_EXERCISE DATA_
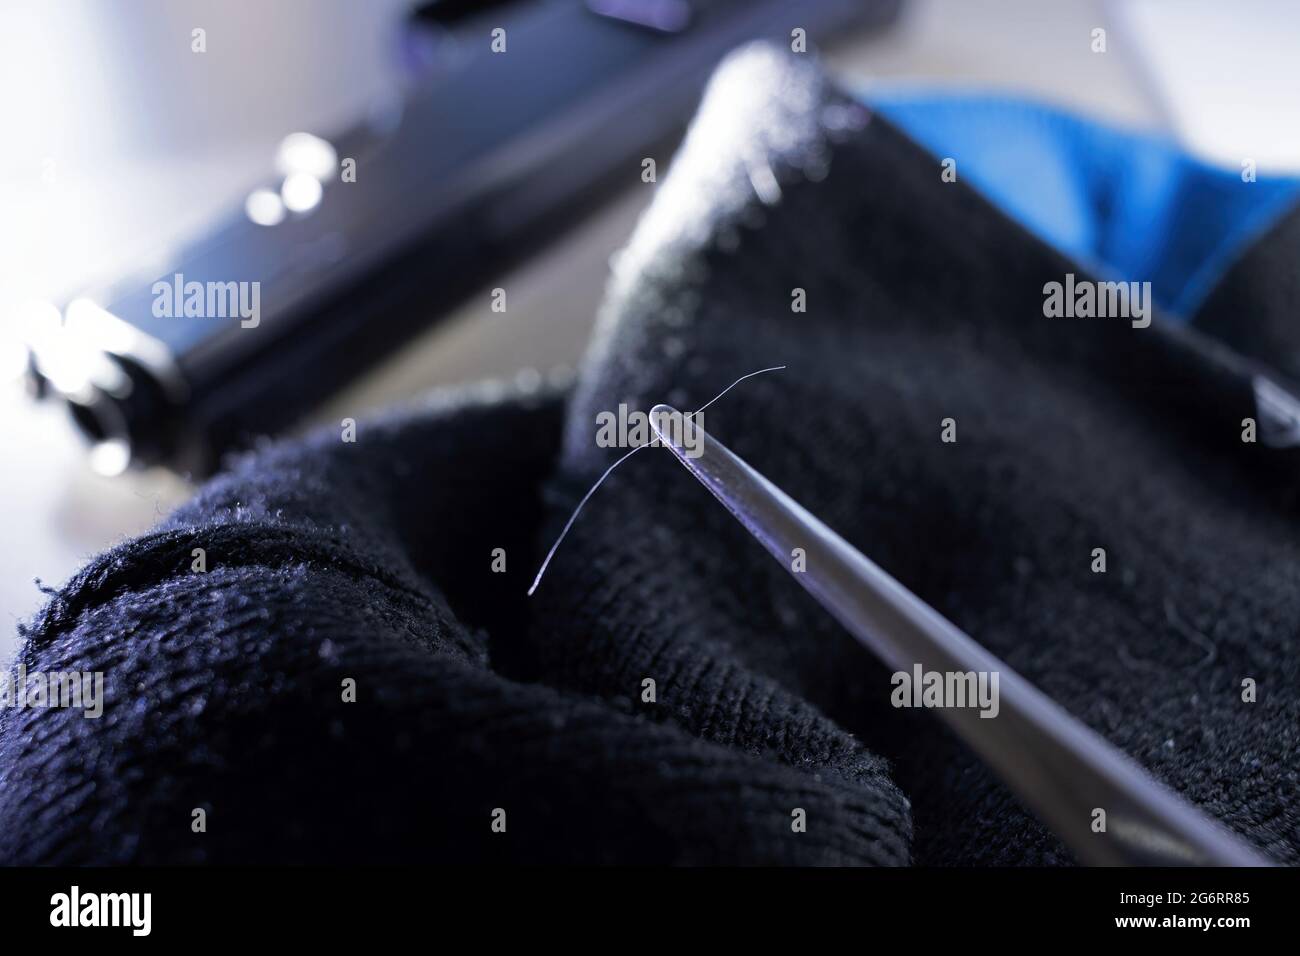 CSI police officer collects human hair samples from a tissue, police investigation concept Stock Photo
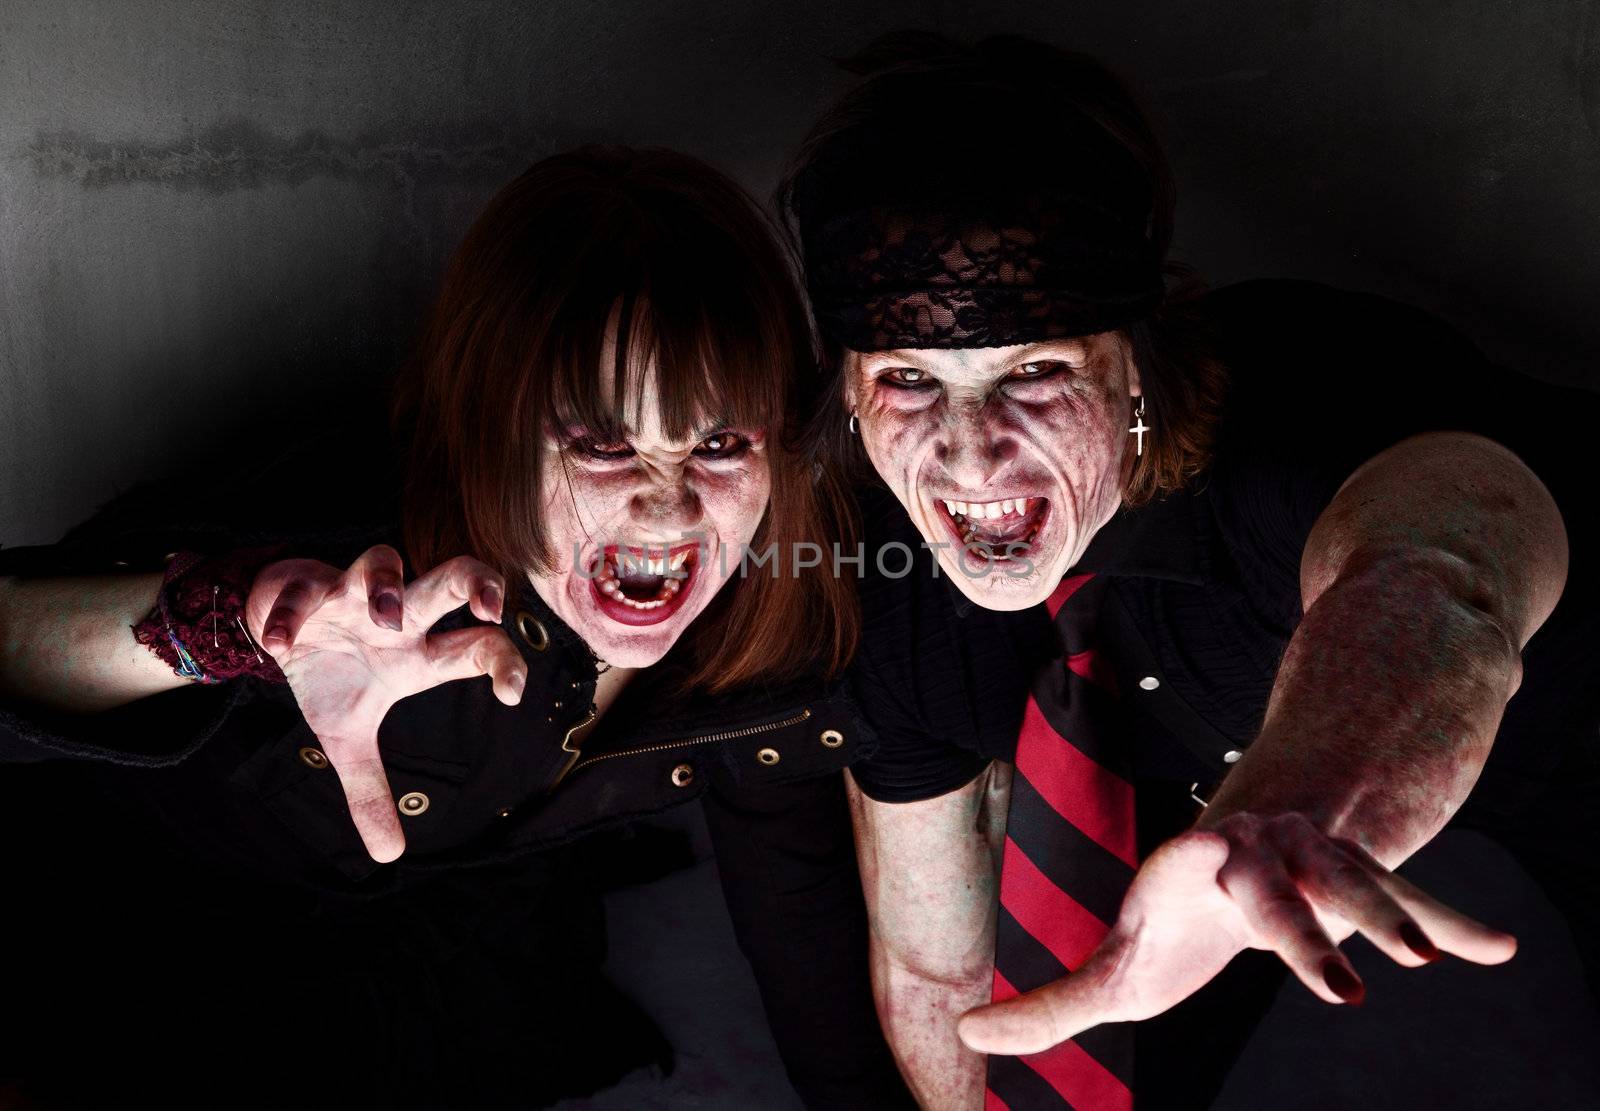 Male and female bloody zombies reaching out
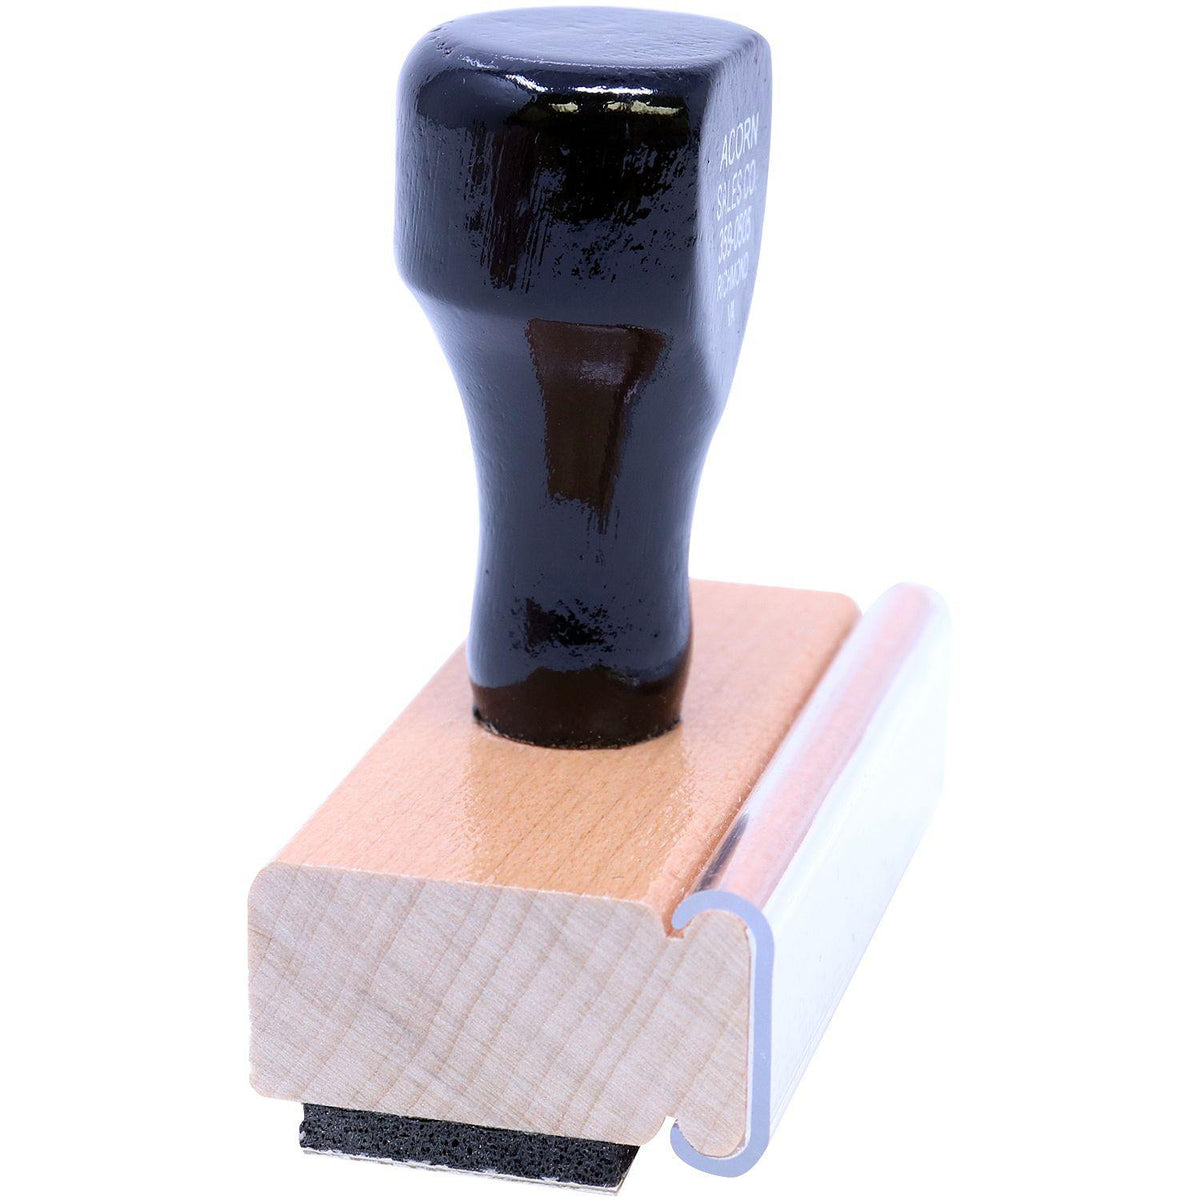 Medicare And Insurance Rubber Stamp - Engineer Seal Stamps - Brand_Acorn, Impression Size_Small, Stamp Type_Regular Stamp, Type of Use_Medical Office

_TASK DESCRIPTION_
Copy out all the data exactly. No images belong in the copy.

_ANSWER SPACE_
 CSI police officer collects human hair samples from a tissue, police investigation concept Stock Photo
 Male and female bloody zombies reaching out
 Medicare And Insurance Rubber Stamp - Engineer Seal Stamps - Brand_Acorn, Impression Size_Small, Stamp Type_Regular Stamp, Type of Use_Medical Office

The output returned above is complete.